Akhirnya, pemuda itu hanya membawa segenggam pasir itu lalu memasukan kedalam kantong jubahnya.

"sudah Abi, ayo segera kita keluar dan pulang" nada suara pemuda itu terdengar sangat kesal.

ayahnya meyakini anaknya kembali kalau sudah memenuhi karung yang dia bawa. ayahnya terus meyakini anaknya apakah benar sudah penuh karung yang dibawa oleh anaknya itu sampai beberapa kali.

setelah yakin mereka berdua keluar dari goa. di mulut goa orang tua berjanggut lebat itu melihat anaknya tidak membawa apa apa. orang tua itu bertanya

"kemana karung yang kamu bilang sudah terisi penuh pasir tadi?"

pemuda tersebut terdiam.

"apakah kamu mengambil pasir yang Abi suruh ambil tadi?"

pemuda itu mengangguk.

"tunjukan!" kata ayahnya.

pemuda itu mengambil pasir pasir yang dia ambil dari goa tadi. lalu pemuda tersebut melihat pasir pasir itu berkilauan.

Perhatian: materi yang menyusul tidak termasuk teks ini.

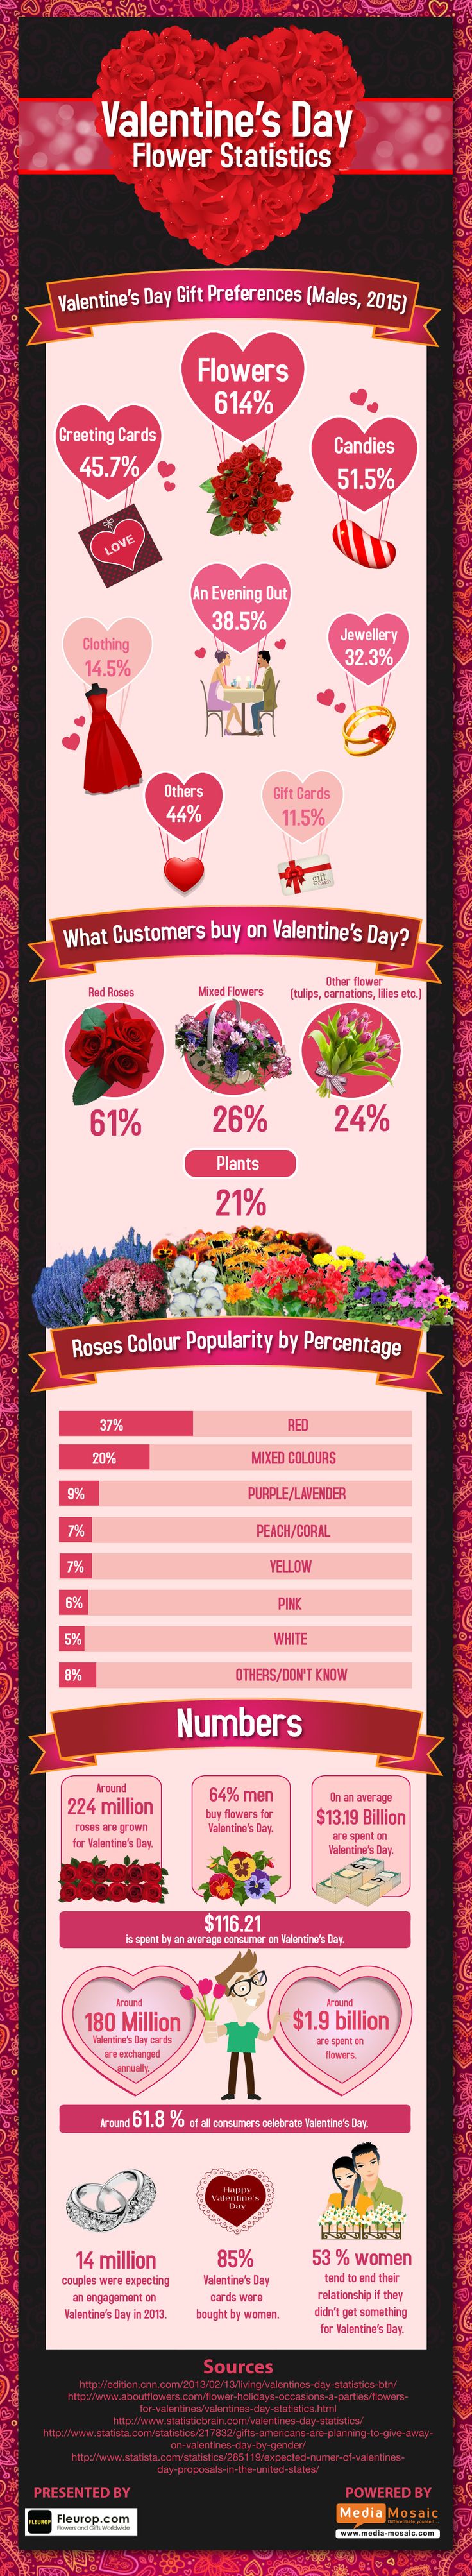 Valentine’s Day Flower Statistics

"lihat, pasir itu adalah emas, hanya orang yang belum pernah kesini yang bisa mendapatkan emas tersebut, dan kamu harus tau, air dibotol kecil tadi adalah air ajaib yang bisa membuat pasir itu menjadi emas" kata ayahnya.

"aku bisa masuk lagi ya Abi, aku akan masuk lagi dan mengambil pasir emas itu sebanyak banyaknya" kata pemuda itu.

"kesempatan nya hanya satu kali nak"

pemuda itu tidak menghiraukan perkataan ayahnya, pemuda itu berlari ke dalam goa. lalu memasukan pasir pasir itu penuh ke dalam karung. setelah merasa penuh, pemuda itu membopong karung itu keluar dari goa.

"Ayo Abi kita bergegas pulang, kita akan menjadi orang terkaya di kampung kita, bahkan di dunia Abi" kata pemuda itu.

dengan semangat pemuda itu membopong pasir itu menyusuri jalan pulang. sang ayah hanya memperhatikan anaknya tanpa berkata kata.

akhirnya sang ayah dan anaknya sampai di rumahnya setelah menempuh perjalanan yang cukup jauh.perjalanan pulang lebih cepat, karna pemuda itu tidak berhenti untuk beristirahat karna terlalu senang membawa sekarung pasir yang dia kira emas. sang ibu sudah menunggu dengan cemas kedatangan anaknya dan suami nya tersebut.

"Umi aku membawa banyak emas" kata pemuda itu.

Umi hanya tersenyum.

"lihat umi, sekarung penuh, aku membawa banyak pasir emas"

pemuda itu dengan cepat membuka karung itu, mengambil segenggam pasir dari dalam karung dan melihatnya.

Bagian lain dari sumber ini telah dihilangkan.